Currently, brute-force mode is active. Comment/uncomment to switch.


Output

  • Console: Energy and magnetization printed each epoch
  • Model checkpoint: Saved to models/model_{temperature}.pt

Key Concepts

Variational free energy minimization:

F_loc = E_loc + T × log(p)

where E_loc is the energy of a sampled configuration and log(p) is the log-probability from the RNN.
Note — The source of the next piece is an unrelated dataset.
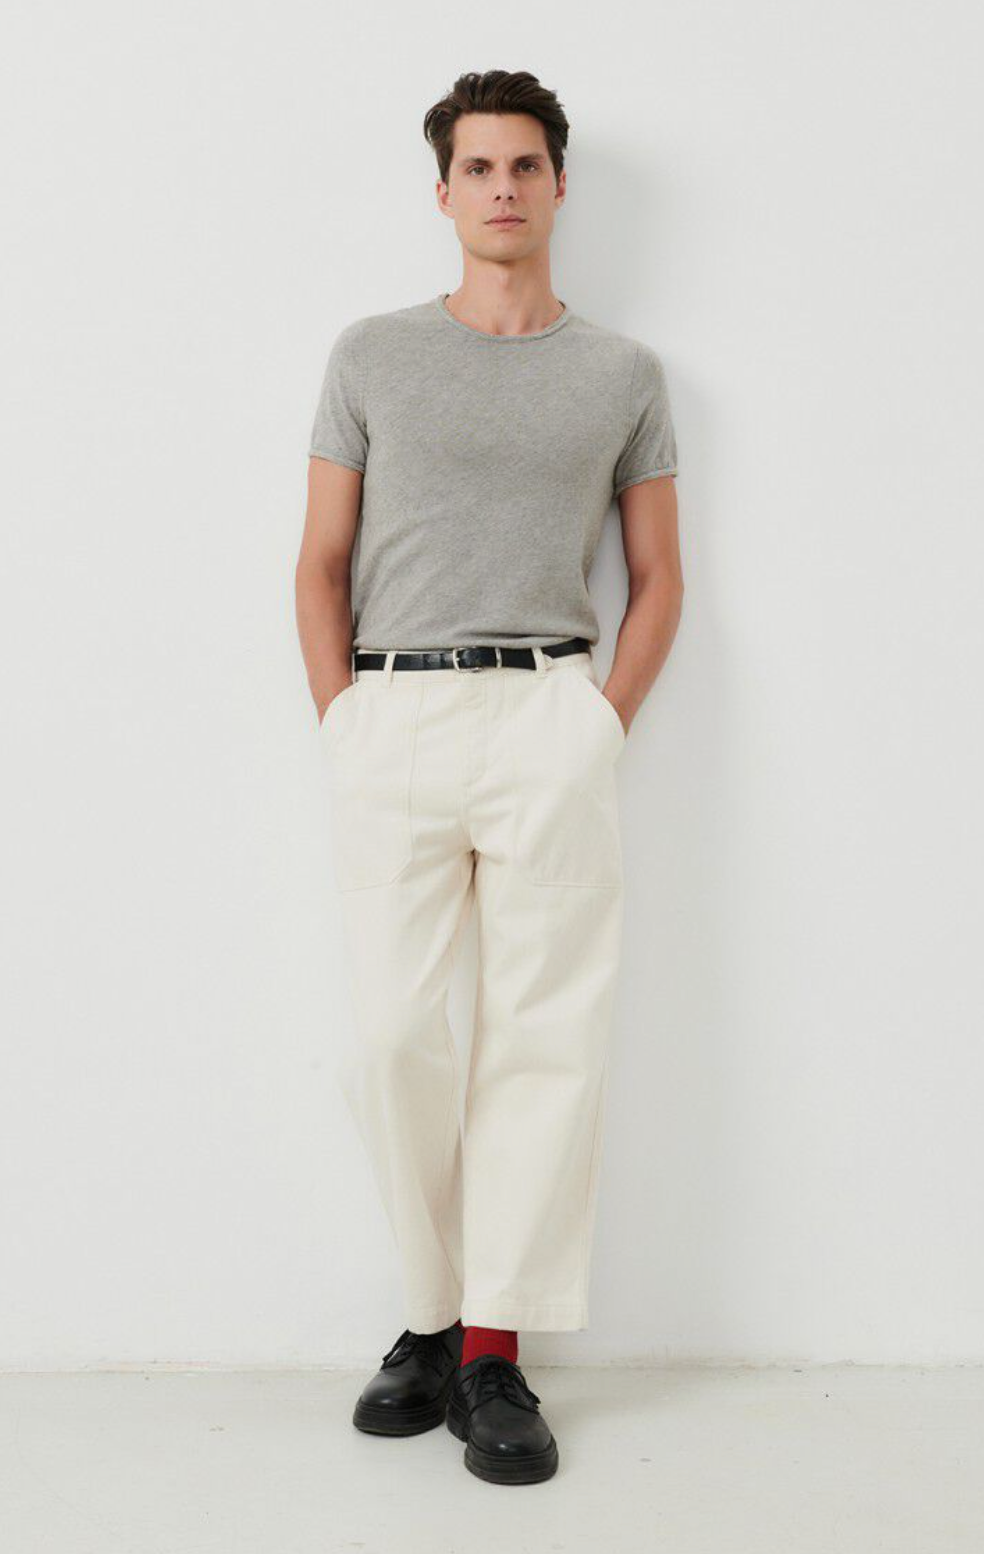 A full body image of a male model wearing the Sonoma tee shirt in grey tucked into white denim

Loss function (REINFORCE-style gradient):

cost = ⟨log(p) × F_loc⟩ - ⟨log(p)⟩ × ⟨F_loc⟩

Annealing: Temperature decreases from T₀ to T_f following the chosen schedule, guiding the RNN distribution toward low-energy configurations.


Extending the Code

  • New interaction matrix: Add function in interaction_matrix.py, return upper-triangular NumPy array
  • New observable: Add method to One_dimensional_spin_model in objective_function.py
  • New RNN architecture: Add class in neural_network_ansatz.py, ensure it has .samples and .log_probs attributes after forward pass

Dynamical Finite-Size Scaling

This project also includes an independent module for dynamical finite-size scaling analysis in Dynamical_FSS/. Use it to extract critical exponents from VNA results at multiple system sizes.

See Dynamical_FSS/Dynamical_FSS_README.md for usage instructions.